Less frequently, damage was measured in terms of the size of affected hayfields (ranging from 100 to 1,700 hectares), the weight of unharvested hay, or financial losses, which were estimated at 5–10 million tenge per year.
For many farms, losses averaged around 3.3 million tenge, but due to very large farms, the total damage — when distributed across all farms — amounted to approximately 10 million tenge.
Damage to forage crops was assessed similarly. While the affected areas were smaller, the financial impact per unit of land was greater due to higher yields. In addition to lost profits, farmers also faced direct investment losses, including expenses for seeds, agricultural treatments, and irrigation.

In one example, a respondent reported losing 20% of a 200-hectare Sudan grass field, resulting in investment losses of 1.8 million tenge and lost profits from hay sales totaling 3 million tenge, bringing the total loss to 4.8 million tenge.
Respondents did not provide specific estimates for damages related to watering places and pastures. Additionally, government agencies and other organizations did not conduct a proper quantitative assessment of these losses until 2024.
The peak of the conflict coincides with the saigas’ annual migration to lambing grounds in April-May, a time when livestock are also moved to summer pastures.
Climate conditions further exacerbate tensions, with droughts intensifying the struggle for resources.
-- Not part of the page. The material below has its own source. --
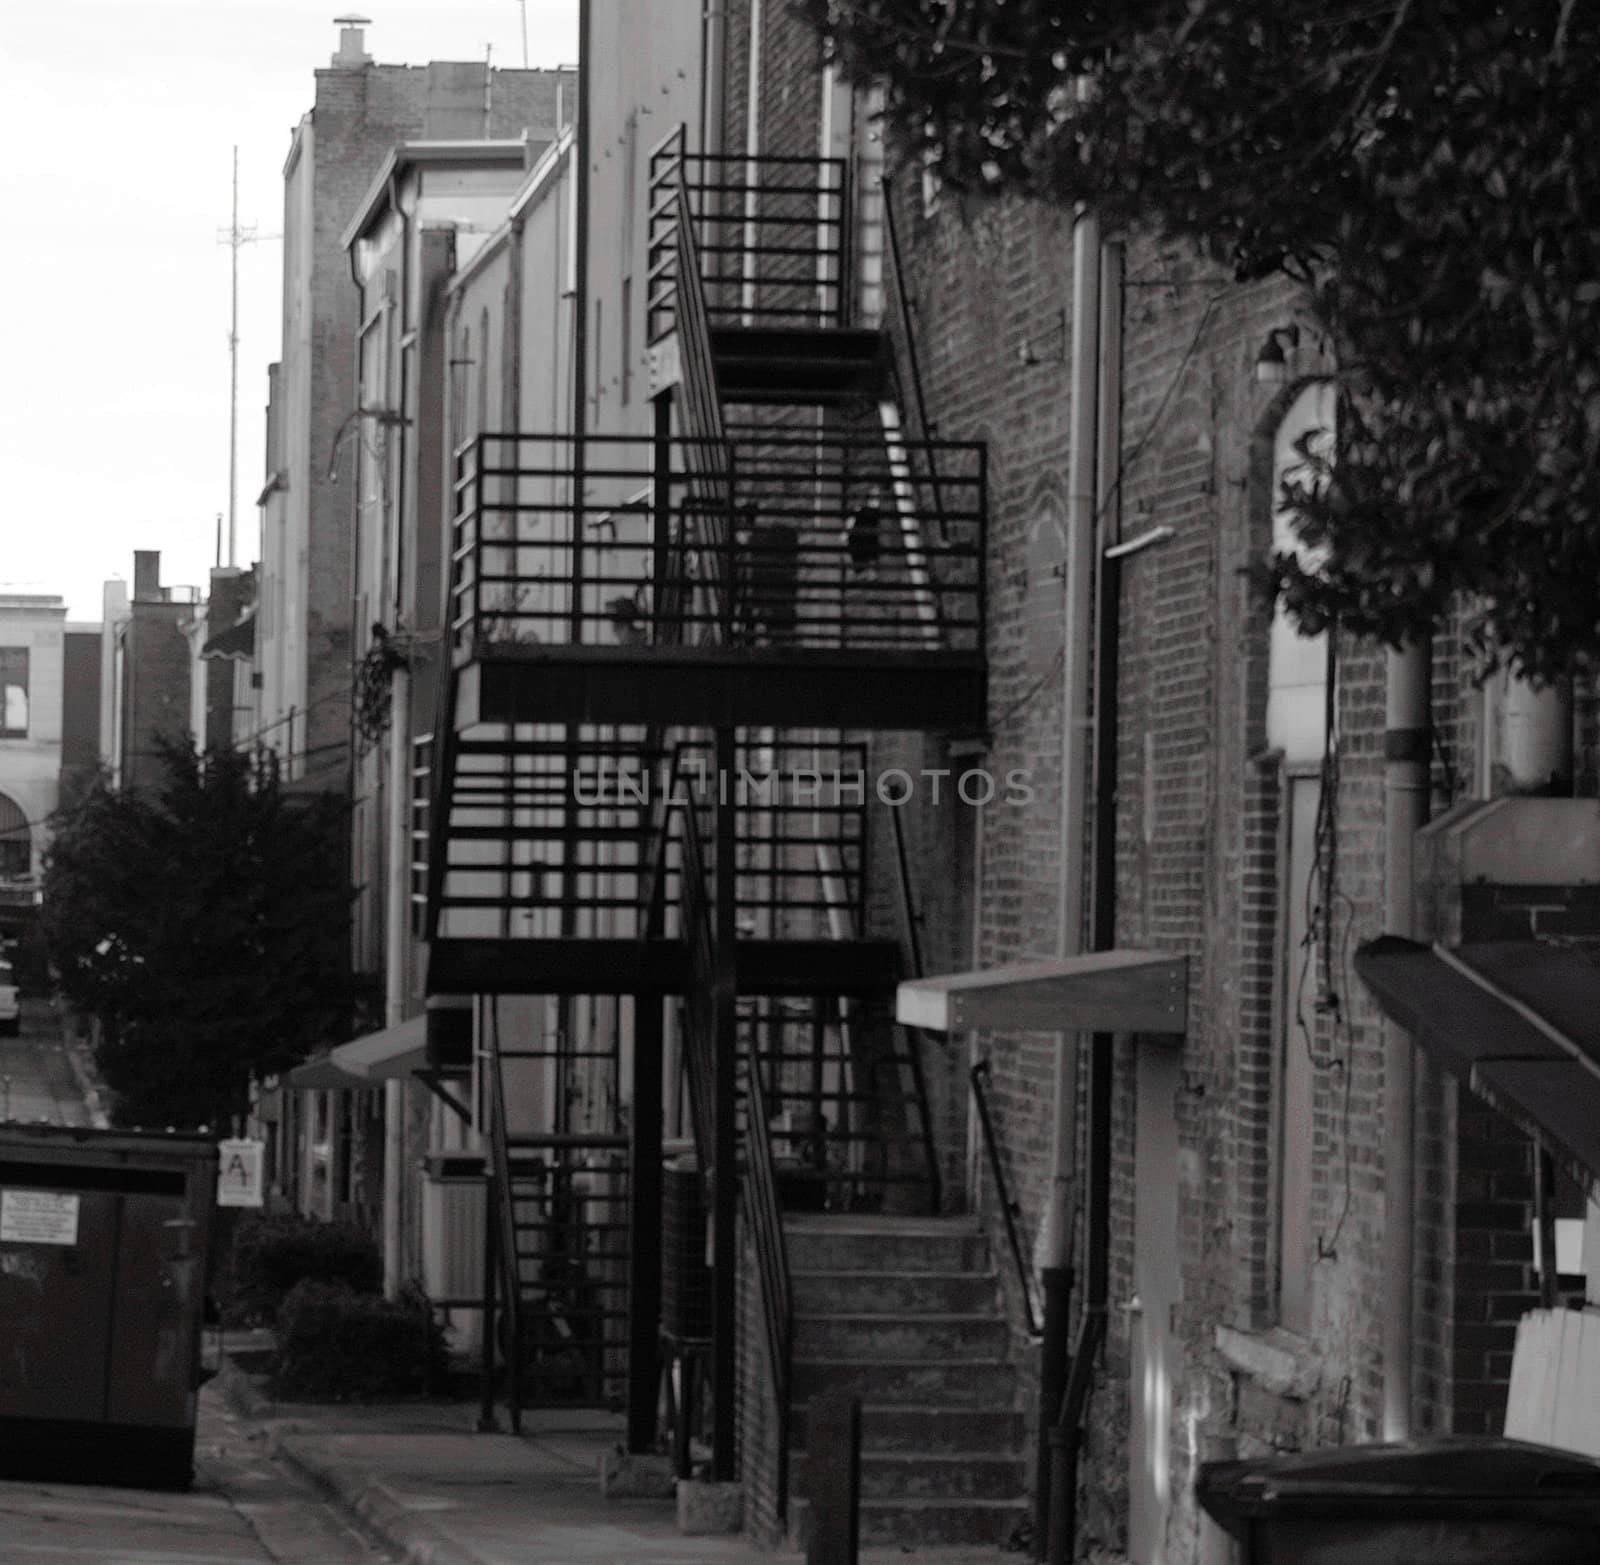 An urban back alley in shown in black and white
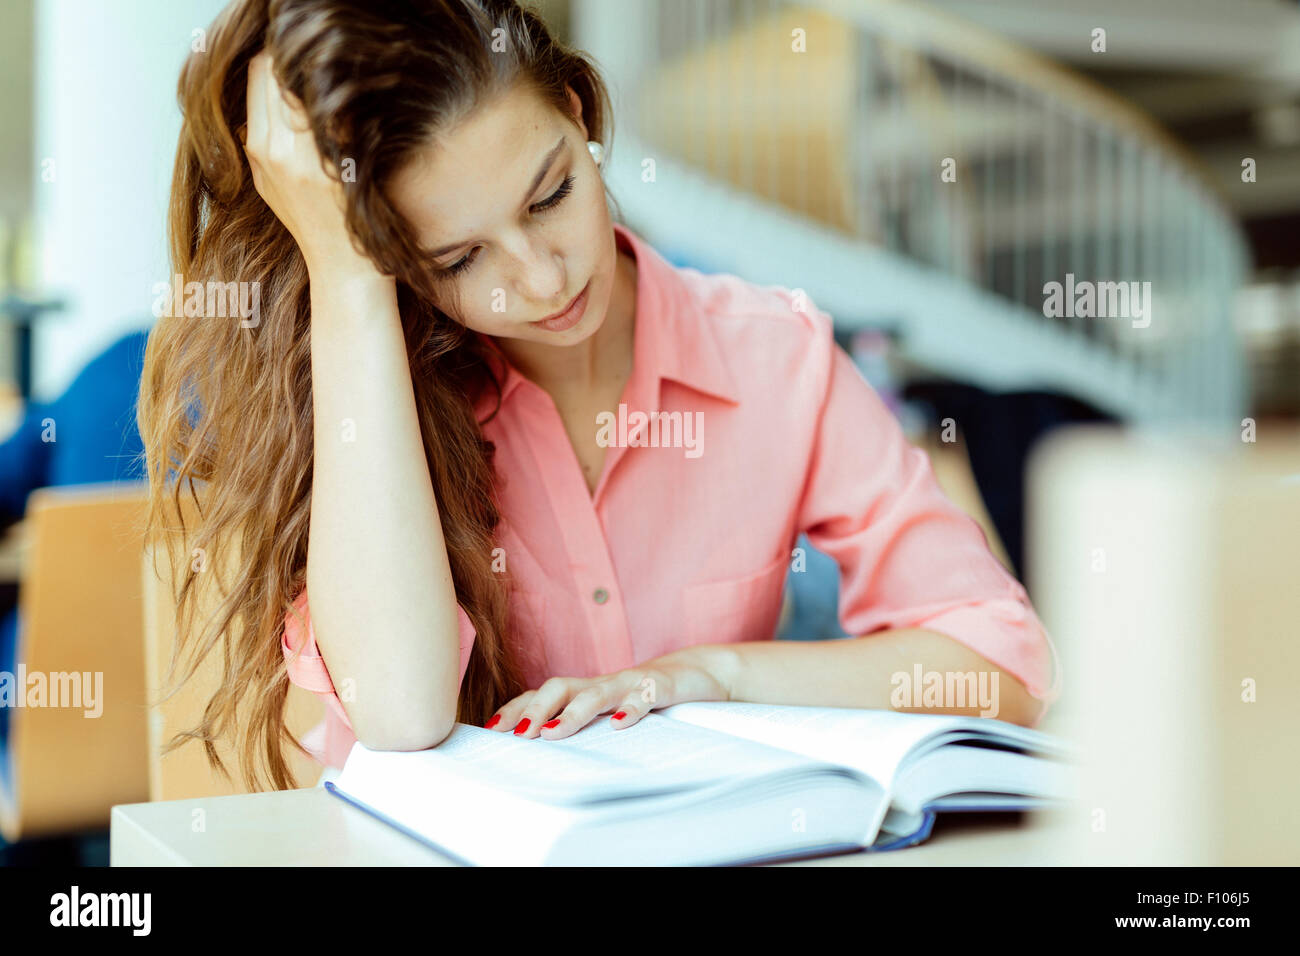 Beautiful focused woman studying in library Stock Photo

The intensity of the conflict varies across the region, with some areas experiencing heightened tensions while others remain relatively unaffected. A key factor influencing this distribution is the availability and type of water sources. Additionally, livestock density and grazing pressure play a significant role in shaping the conflict dynamics.
Most respondents expressed a measured hostility toward saigas. While some acknowledge their ecological importance and role in nature, they remain uninterested in their broader impact and believe the population should be significantly reduced or relocated away from their lands. They see no direct benefits from the presence of saigas.
A smaller but vocal group — around 20% of respondents — holds a more extreme view, believing that saigas no longer have a place in the region and should be exterminated.
In contrast, approximately 15% of respondents recognize the ecological value of saigas, considering them beneficial for steppe ecosystems and valuable and aesthetically essential animals.
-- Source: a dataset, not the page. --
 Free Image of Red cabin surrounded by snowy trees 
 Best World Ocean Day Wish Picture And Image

Local farmers see reducing the Ural saiga population as the only viable solution to the conflict. Those in the northern part of the region believe the optimal saiga population should be 100,000 to 150,000, while farmers in the southern part are more tolerant, suggesting they could coexist with 300,000 to 500,000.
At the same time, some farmers are willing to tolerate saigas on their land — but only if they receive full compensation for the economic losses caused by the animals.
Conference participants also highlighted another major challenge for farmers: climate change.
Increasingly frequent droughts, sharp temperature fluctuations, and other extreme weather conditions are affecting water availability and food supply.
Many farmers do not acknowledge climate change as a key factor and instead attribute all issues related to drying reservoirs and declining pastureland solely to the growing saiga population.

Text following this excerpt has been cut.